EXERCISE DESCRIPTION: Write every line below out again exactly, images omitted.

DATA BELOW:
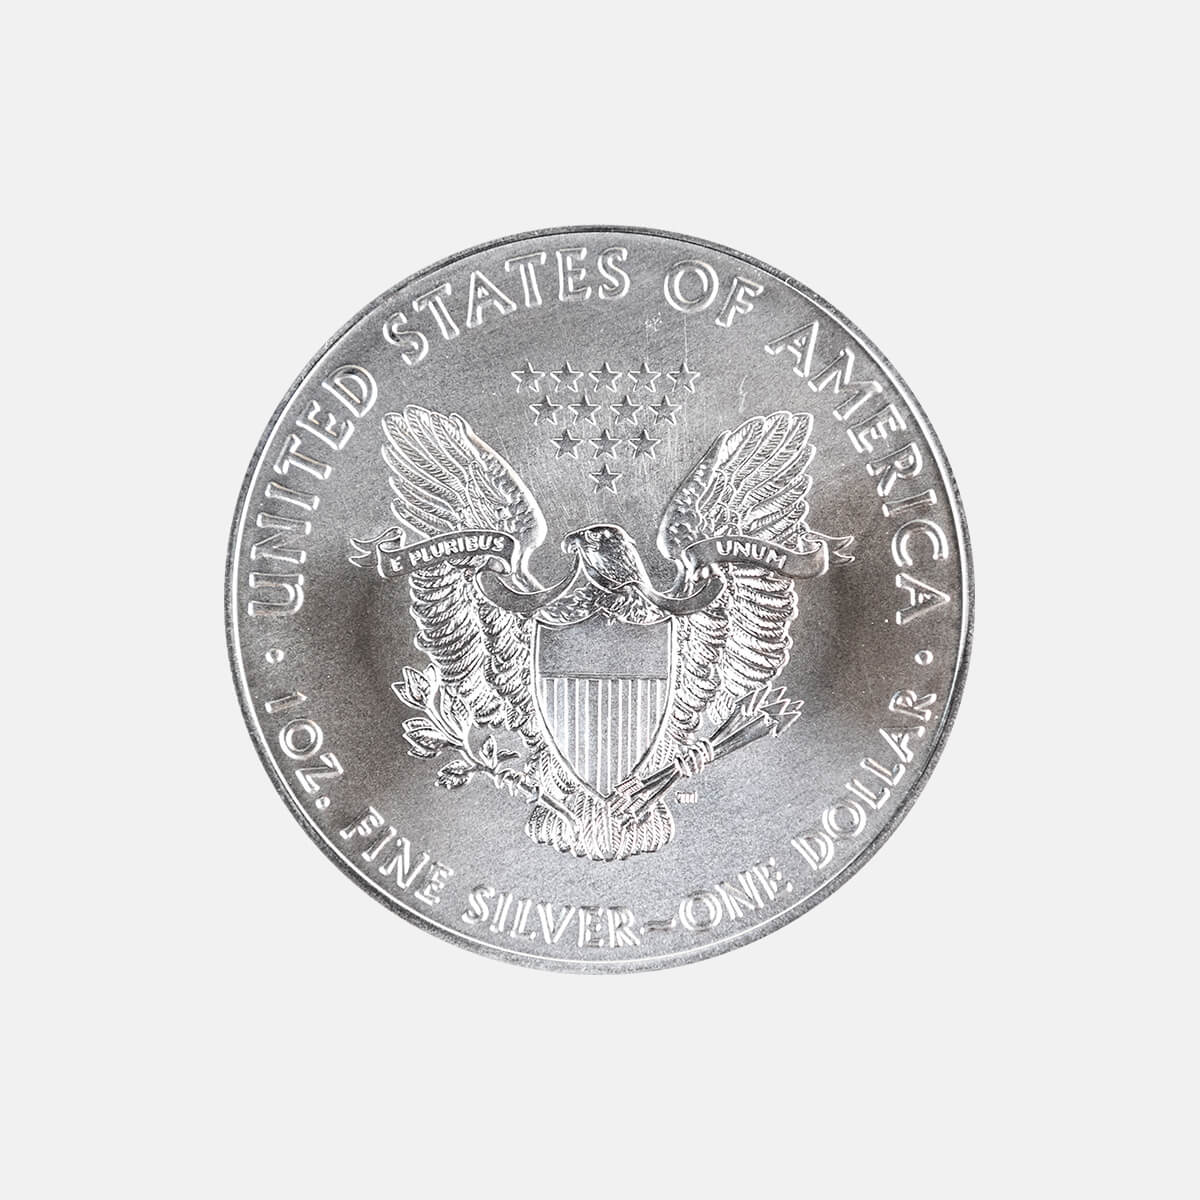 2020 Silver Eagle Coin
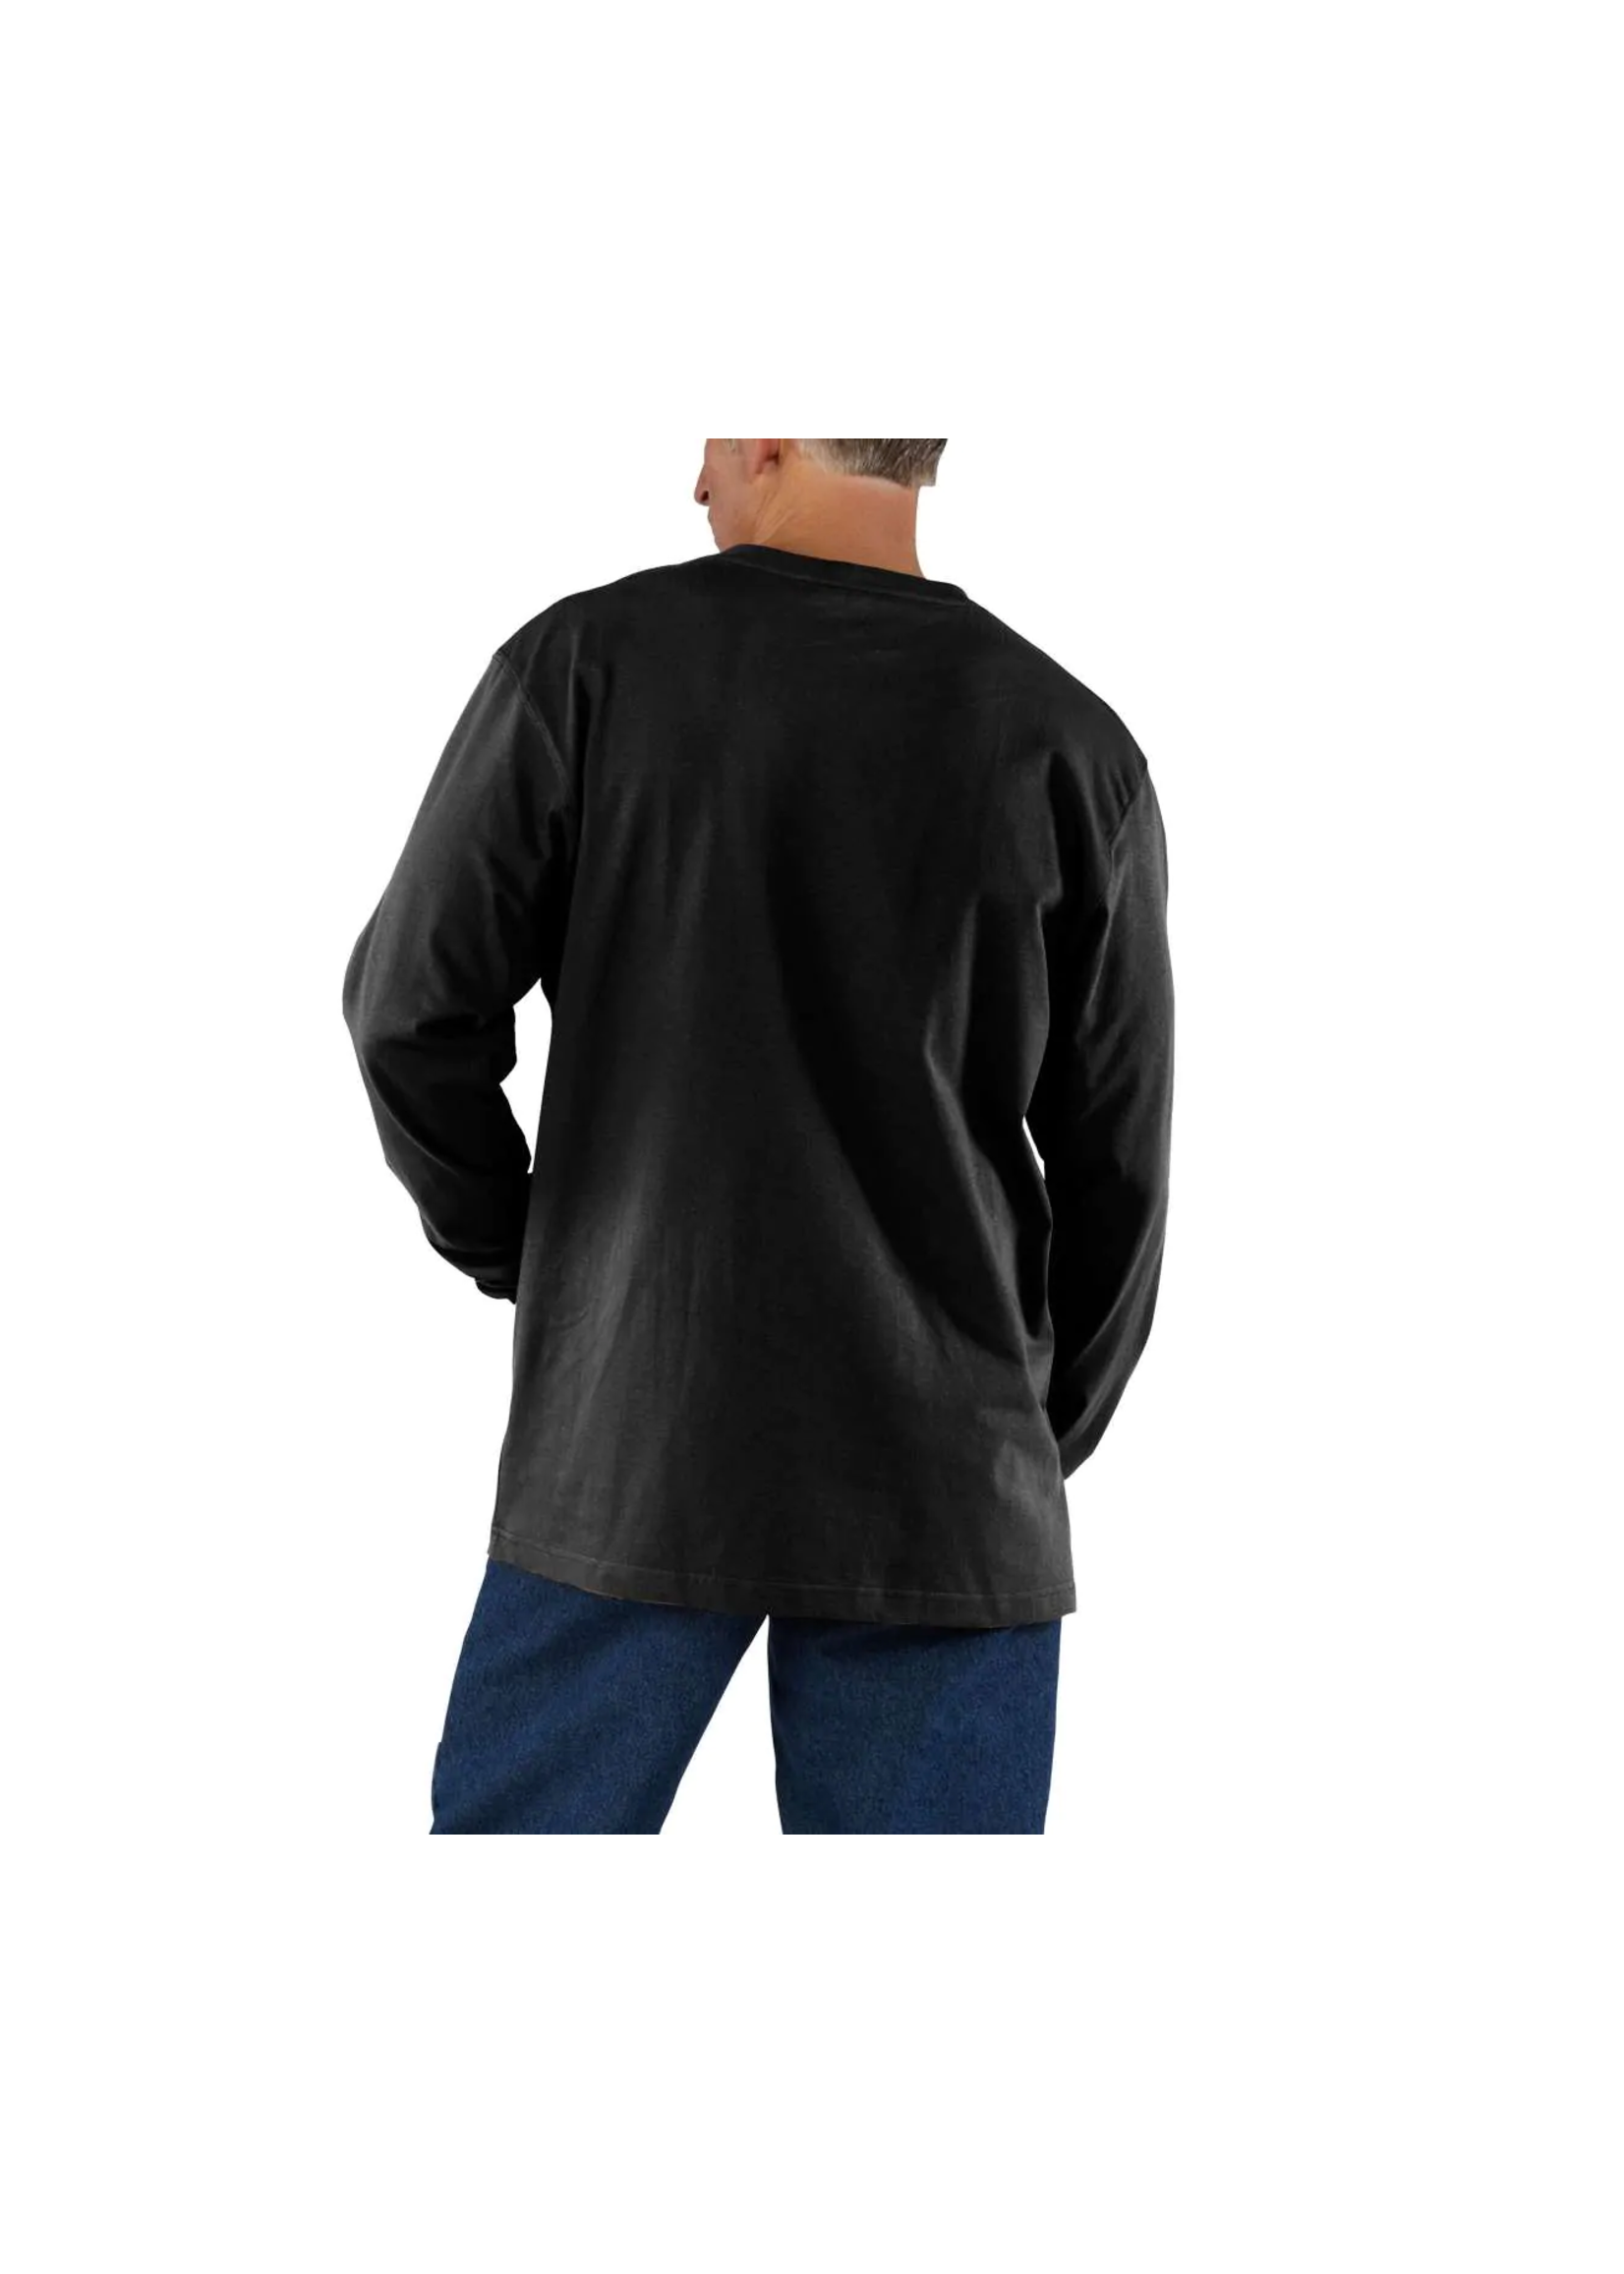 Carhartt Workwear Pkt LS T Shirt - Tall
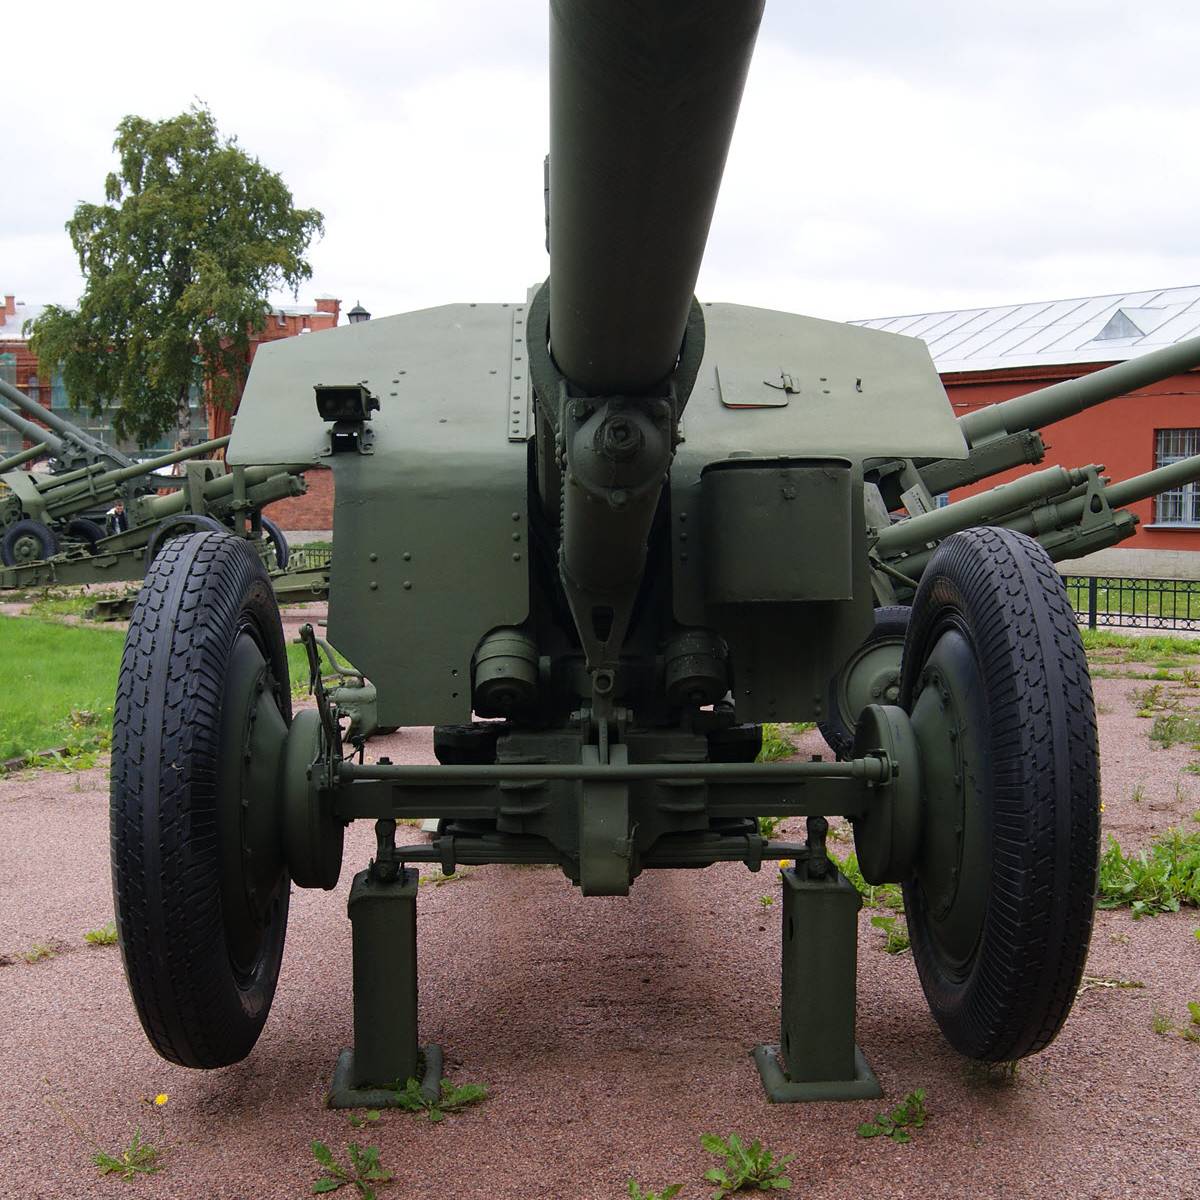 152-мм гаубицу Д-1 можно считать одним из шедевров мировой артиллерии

TASK RESPONSE:
 2020 Silver Eagle Coin
 Carhartt Workwear Pkt LS T Shirt - Tall
 152-мм гаубицу Д-1 можно считать одним из шедевров мировой артиллерии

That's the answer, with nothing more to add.